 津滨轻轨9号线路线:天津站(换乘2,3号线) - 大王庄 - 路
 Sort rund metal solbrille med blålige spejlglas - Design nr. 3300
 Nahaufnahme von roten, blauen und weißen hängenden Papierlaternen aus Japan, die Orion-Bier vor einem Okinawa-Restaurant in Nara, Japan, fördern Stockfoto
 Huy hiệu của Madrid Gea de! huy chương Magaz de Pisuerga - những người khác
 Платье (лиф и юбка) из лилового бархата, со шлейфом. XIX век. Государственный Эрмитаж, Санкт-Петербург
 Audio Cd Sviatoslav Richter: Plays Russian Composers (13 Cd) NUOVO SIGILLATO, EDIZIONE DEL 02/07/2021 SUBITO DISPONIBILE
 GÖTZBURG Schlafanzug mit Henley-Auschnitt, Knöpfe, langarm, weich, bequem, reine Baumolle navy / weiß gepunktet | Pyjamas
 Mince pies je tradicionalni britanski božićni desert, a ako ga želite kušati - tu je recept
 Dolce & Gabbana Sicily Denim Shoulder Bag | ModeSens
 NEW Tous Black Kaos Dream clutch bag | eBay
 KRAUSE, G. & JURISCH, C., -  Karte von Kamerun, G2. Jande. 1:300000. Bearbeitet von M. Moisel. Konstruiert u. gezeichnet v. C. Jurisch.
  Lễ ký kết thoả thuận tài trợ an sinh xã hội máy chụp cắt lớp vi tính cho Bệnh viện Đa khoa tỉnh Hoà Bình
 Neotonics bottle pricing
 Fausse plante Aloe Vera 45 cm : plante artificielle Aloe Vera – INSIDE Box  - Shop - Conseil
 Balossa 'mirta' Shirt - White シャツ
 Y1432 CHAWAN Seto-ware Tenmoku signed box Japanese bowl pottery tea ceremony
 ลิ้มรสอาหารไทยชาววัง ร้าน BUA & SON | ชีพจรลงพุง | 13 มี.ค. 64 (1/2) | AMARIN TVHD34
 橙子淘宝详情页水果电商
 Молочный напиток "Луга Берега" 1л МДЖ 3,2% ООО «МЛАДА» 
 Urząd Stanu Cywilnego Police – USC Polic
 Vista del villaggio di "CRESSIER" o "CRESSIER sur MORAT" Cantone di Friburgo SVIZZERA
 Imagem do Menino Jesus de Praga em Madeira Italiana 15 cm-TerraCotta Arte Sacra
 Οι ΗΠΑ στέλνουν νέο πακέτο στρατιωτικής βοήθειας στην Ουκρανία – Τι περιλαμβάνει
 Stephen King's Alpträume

+---+

ACTIVITY
Exactly as written, transcribe every line shown above.

OUTPUT
 津滨轻轨9号线路线:天津站(换乘2,3号线) - 大王庄 - 路
 Sort rund metal solbrille med blålige spejlglas - Design nr. 3300
 Nahaufnahme von roten, blauen und weißen hängenden Papierlaternen aus Japan, die Orion-Bier vor einem Okinawa-Restaurant in Nara, Japan, fördern Stockfoto
 Huy hiệu của Madrid Gea de! huy chương Magaz de Pisuerga - những người khác
 Платье (лиф и юбка) из лилового бархата, со шлейфом. XIX век. Государственный Эрмитаж, Санкт-Петербург
 Audio Cd Sviatoslav Richter: Plays Russian Composers (13 Cd) NUOVO SIGILLATO, EDIZIONE DEL 02/07/2021 SUBITO DISPONIBILE
 GÖTZBURG Schlafanzug mit Henley-Auschnitt, Knöpfe, langarm, weich, bequem, reine Baumolle navy / weiß gepunktet | Pyjamas
 Mince pies je tradicionalni britanski božićni desert, a ako ga želite kušati - tu je recept
 Dolce & Gabbana Sicily Denim Shoulder Bag | ModeSens
 NEW Tous Black Kaos Dream clutch bag | eBay
 KRAUSE, G. & JURISCH, C., -  Karte von Kamerun, G2. Jande. 1:300000. Bearbeitet von M. Moisel. Konstruiert u. gezeichnet v. C. Jurisch.
  Lễ ký kết thoả thuận tài trợ an sinh xã hội máy chụp cắt lớp vi tính cho Bệnh viện Đa khoa tỉnh Hoà Bình
 Neotonics bottle pricing
 Fausse plante Aloe Vera 45 cm : plante artificielle Aloe Vera – INSIDE Box  - Shop - Conseil
 Balossa 'mirta' Shirt - White シャツ
 Y1432 CHAWAN Seto-ware Tenmoku signed box Japanese bowl pottery tea ceremony
 ลิ้มรสอาหารไทยชาววัง ร้าน BUA & SON | ชีพจรลงพุง | 13 มี.ค. 64 (1/2) | AMARIN TVHD34
 橙子淘宝详情页水果电商
 Молочный напиток "Луга Берега" 1л МДЖ 3,2% ООО «МЛАДА» 
 Urząd Stanu Cywilnego Police – USC Polic
 Vista del villaggio di "CRESSIER" o "CRESSIER sur MORAT" Cantone di Friburgo SVIZZERA
 Imagem do Menino Jesus de Praga em Madeira Italiana 15 cm-TerraCotta Arte Sacra
 Οι ΗΠΑ στέλνουν νέο πακέτο στρατιωτικής βοήθειας στην Ουκρανία – Τι περιλαμβάνει
 Stephen King's Alpträume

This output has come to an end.